Just south of the Liffey, North of Dame Street, West of Trinity College, and East of Fishamble Street is Temple Bar. This area has roots that go as far back as Viking times; and, while the rest of the city has shifted and reshaped over time, this one particular bubble still retains its cobblestone medieval street structure.

There is a lot of debate over where the Temple Bar name comes from. Some say it is named such because the streets once housed the residence of Sir William Temple (1600s); others say the naming structure is copied from streets in London (this theory points to the Essex Street, Fleet Street and Temple Bar London combo); and, others argue that the area is named for the Knights Templar as is evidenced by the shape of the streets, which all lead to a round church — in typical Templar style.

Either way, locals have very mixed feeling about the area and how the property management company who owns the buildings are developing the historical district.

“Temple Bar is the biggest tourist scam.
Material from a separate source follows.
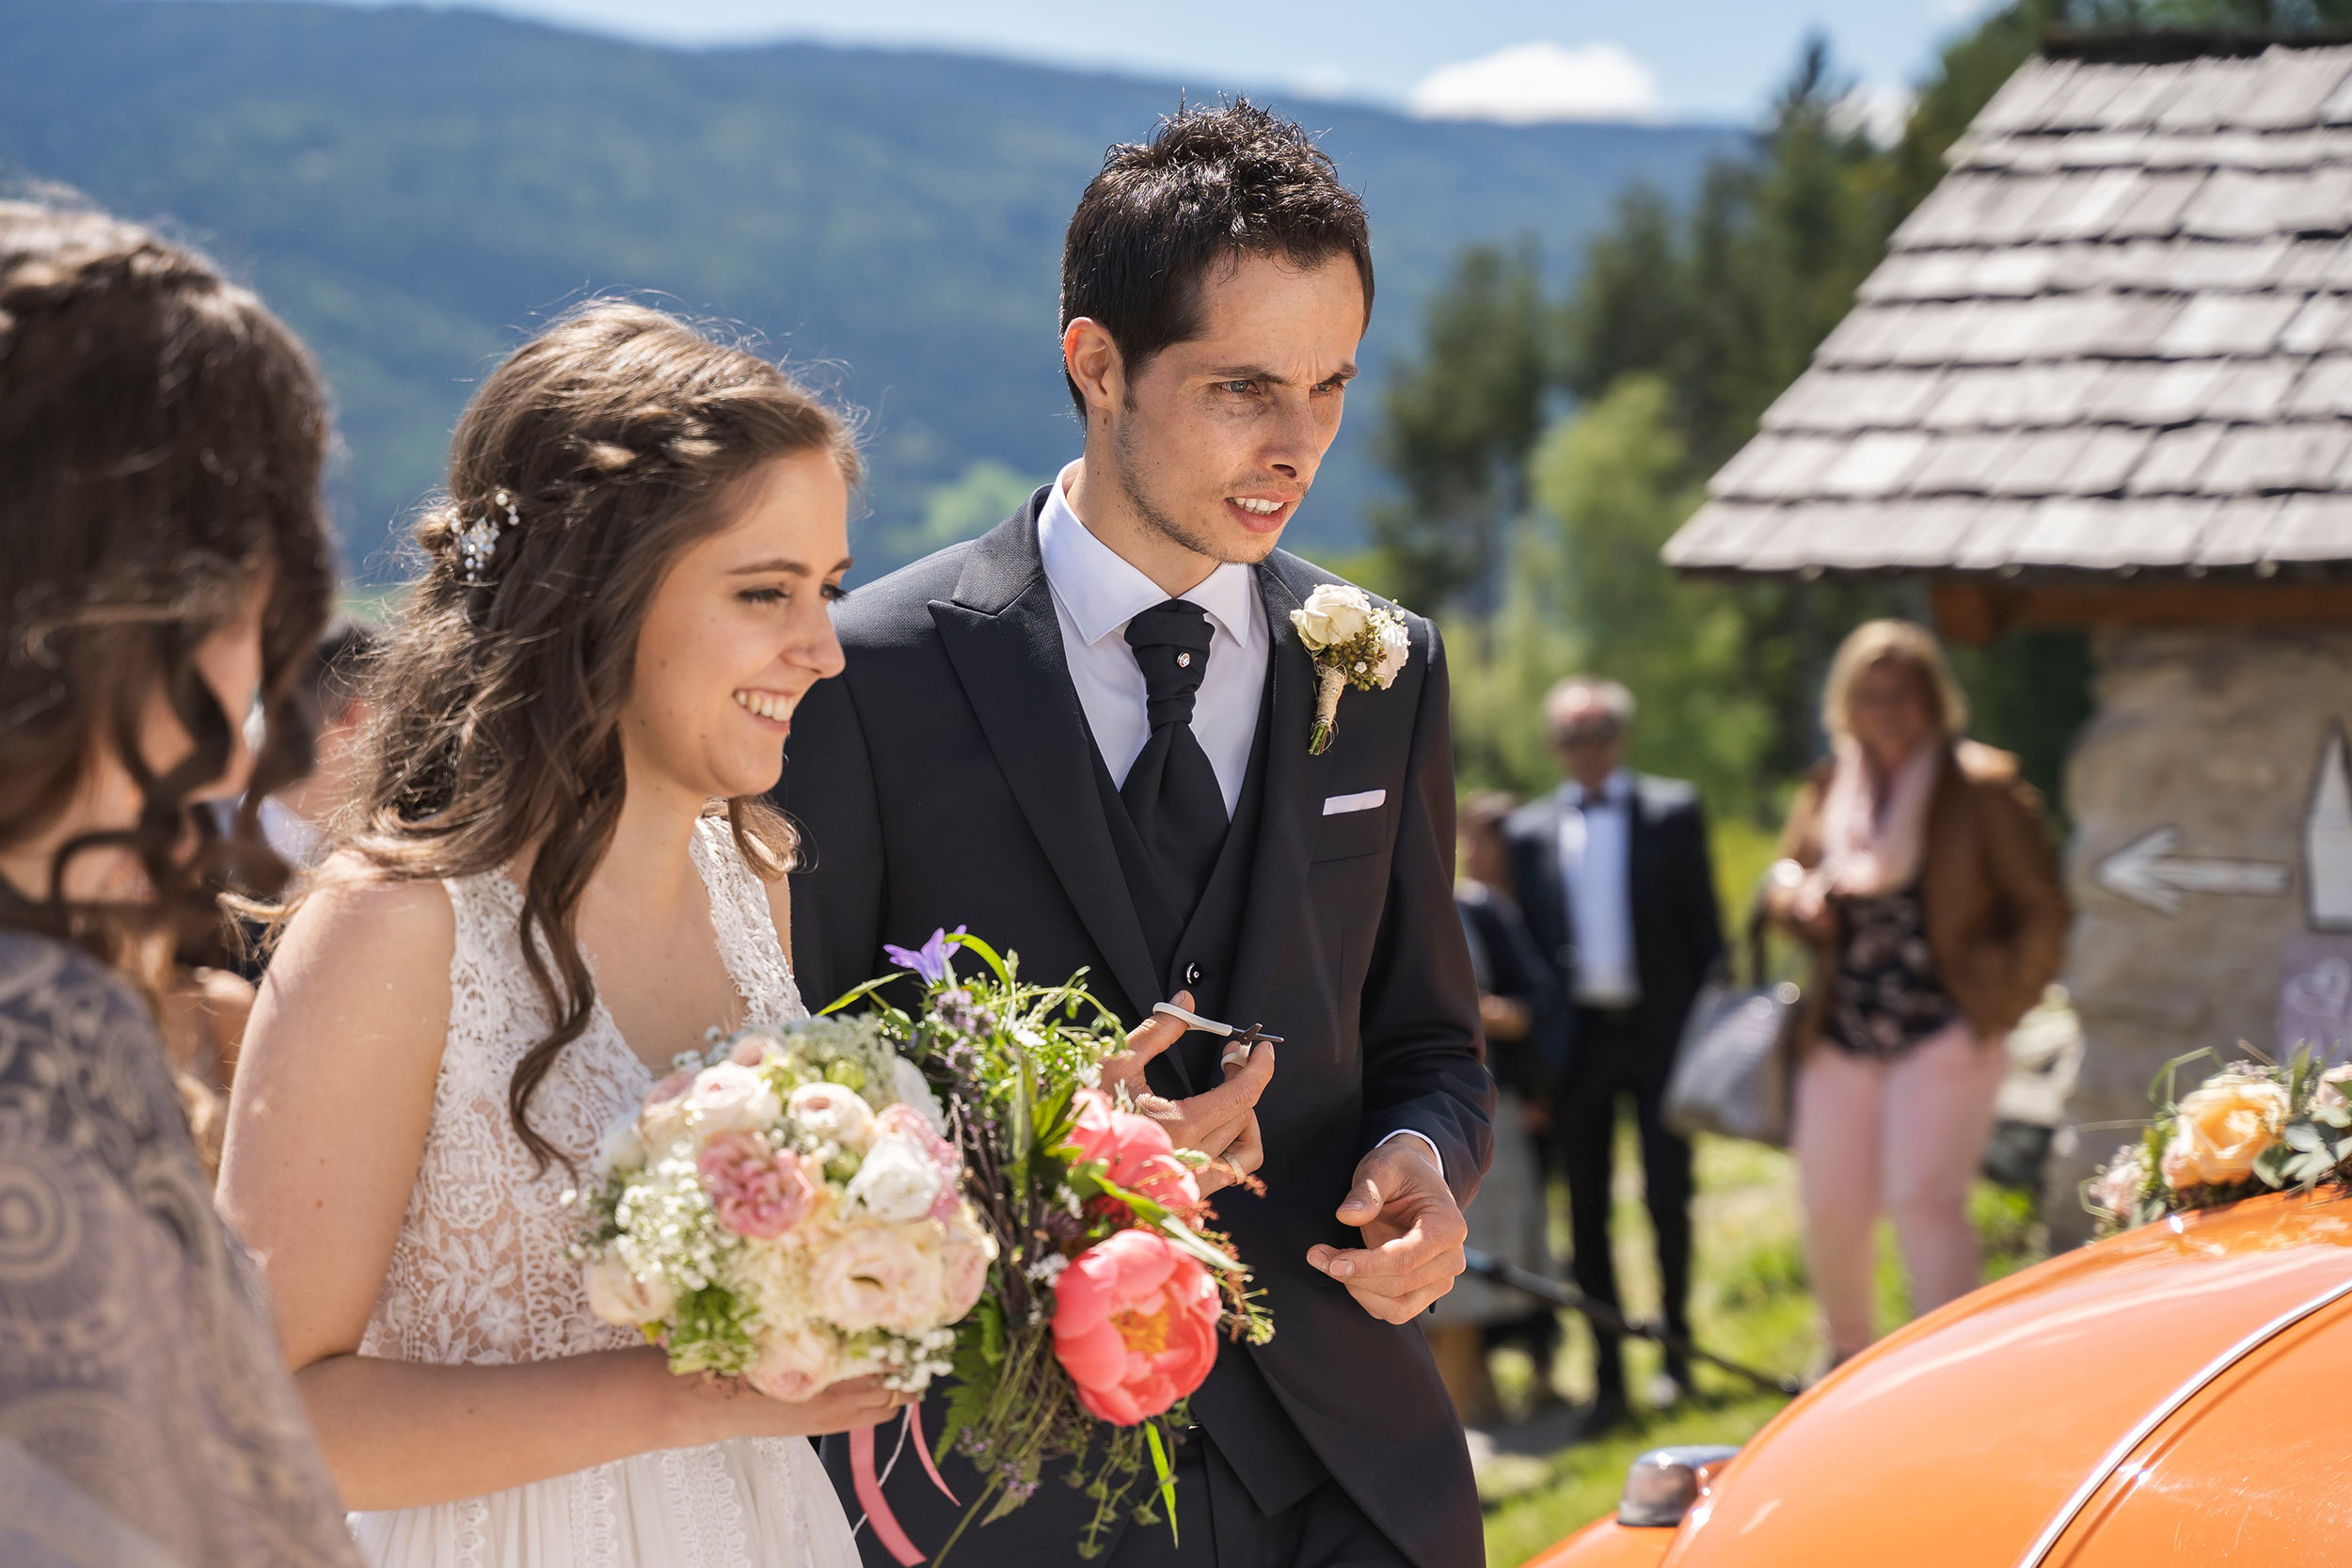 Evi_&_Christian_Hochzeit_01-06-2019_311

The food is substandard, overpriced, and not representative of the foodie culture in Dublin.”

This comes from a Dubliner and for the most part, I generally listen to locals when they’re describing their own food scene. However, in this case, I actually have to disagree. Sure, Temple Bar is difficult to find a place to eat without a reservation, is constantly full of people, and is overrun with gaudy tourist-focused-pubs, but in our experience, the food we found here pretty darn good. In fact, this was one of the only places in Ireland where we got a break from Irish breakfasts, sausage and mash, fish and chips, and meat/fish/potato combo that are so prevalent everywhere else.

The oldest pub in Dublin, the Brazen Head, is located just outside of Temple Bar and near the original bridge of Dublin. The battle for the oldest pub in Ireland has long been debated and is big business. Sean’s Bar in Athlone is currently thought to be the oldest pub in Ireland (and Europe).